И все же классовый подход власть долгое время продолжала культивировать и в местах лишения свободы. А «социально близкие» блатари отвечали ей взаимностью. Вот что вспоминал в мемуарах «Записки в камере» писатель Владимир Фоменко, арестованный в сентябре 1937 года, о своем пребывании в ростовском Богатяновском централе:

«В камерах хватает воров. У этих воров грузные «сидоры» с жирным харчем… Как один, они патриоты. Уважают родную мать и власть СССР. Презирают «контриков», именуют их не людьми, а рогатыми чертями. Так и говорят:

— У тебя ж на лбу рога. Только ты аккуратно их спилил, сдал в каптерку и сидишь между нами, вроде как человек. Попередушить бы вас тут на месте, да неохота получать за вас добавочные срока.

…При этом вздыхает, мол, болен, ударен по голове во время налета легашей, врагов Советской власти. За Советскую власть грозит полоснуть бритвой свой живот, доказывая этим патриотичную припадочность.

Есть и пострашнее — действительно регистрированные, записанные врачами. Зная, что в больнице имеется на них медицинская бумажка, они с радостью делаются профессиональными садистами; их, думается, специально запускают в наши камеры, чтоб мы ужасались, поскорее бы кололись на допросах. Если блатной раскроит башку рогатому черту — не беда, напротив, черти будут еще больше рвать свои последние нервы».

Блатной мир в 30-е годы культивировал в своих рядах ненависть к «контрикам», «политикам», «врагам народа», «фашистам», «троцкистам» — под эти определения подпадали осужденные по так называемой «политической» 58-й статье («контрреволюционные преступления»). Сюда же подпадали и осужденные по «буквам», иначе — «литерные», «литерки». Человек, обвинявшийся в политическом преступлении, часто не проходил через суд. Его судьбу решало так называемое Особое совещание при НКВД СССР (созданное в 1934 году) путем внесудебного приговора. В приговоре фигурировала не статья уголовного кодекса, а аббревиатура, обозначавшая преступление, которое инкриминировалось обвиняемому. Например, АСА (антисоветская агитация), АСВЗ (антисоветский военный заговор), ЖВН (жена врага народа), ЖИР (жена изменника родины), КРА (контрреволюционная агитация), КРТД (контрреволюционная троцкистская деятельность) и т. д.

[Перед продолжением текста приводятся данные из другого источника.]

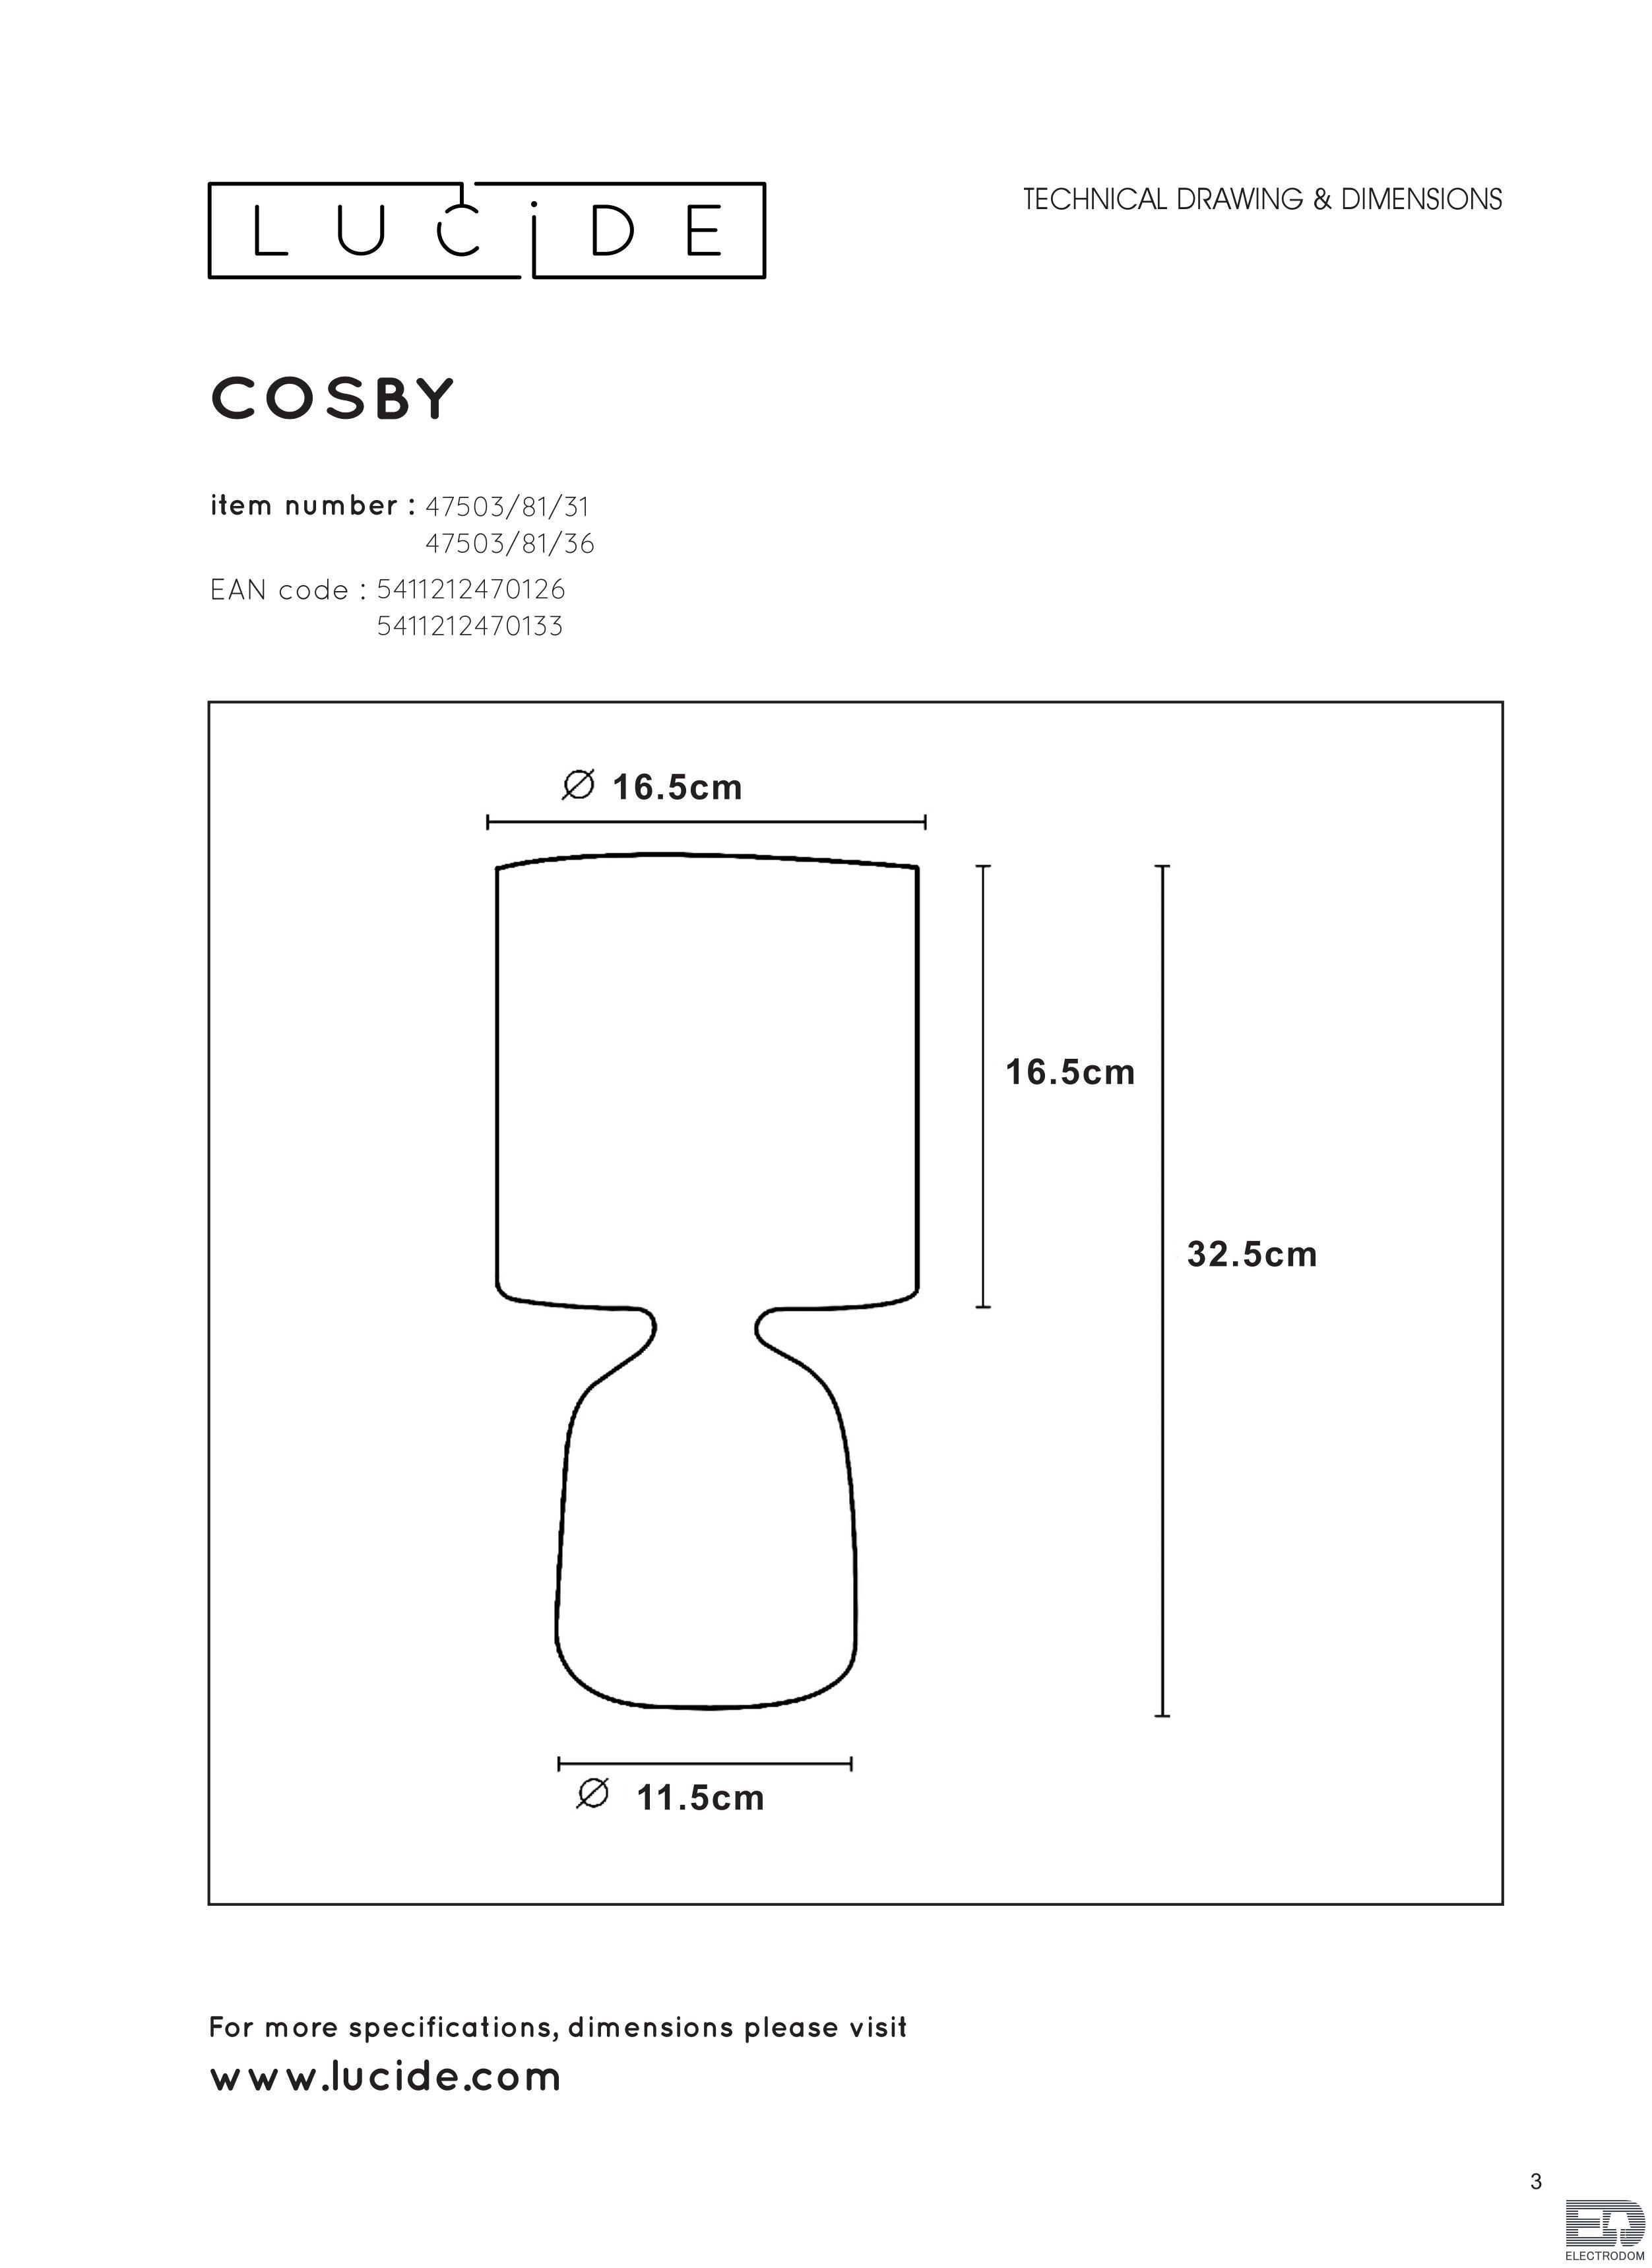 Настольная лампа Lucide Cosby 47503/81/36 - цена и фото 4

Однако воров и уголовников в ненависти к «контрикам» и «троцкистам» поддерживала и немалая часть арестантов из числа так называемых «мужиков», «бытовиков». В данном случае под «политиками» подразумеваются не представители истинной русской интеллигенции, носители культуры, имеющие твердые нравственные понятия и представления о чести. Репрессии 30-х годов коснулись не только их, не только «спецов-вредителей», не только «кулаков» и прочих. В республике существовала и элита. Сытая. Шикарно одетая. Не знающая ни в чем отказа. Элита, которая свысока глядела на «чистки», коллективизацию, голод, грабеж населения, нищету… Многие не только смотрели, но и сами проводили такую политику в жизнь. Пропагандировали ее и славили. Мы говорим о партийно-советской номенклатуре. Массовые репрессии 30-х годов болезненно ударили и по ней.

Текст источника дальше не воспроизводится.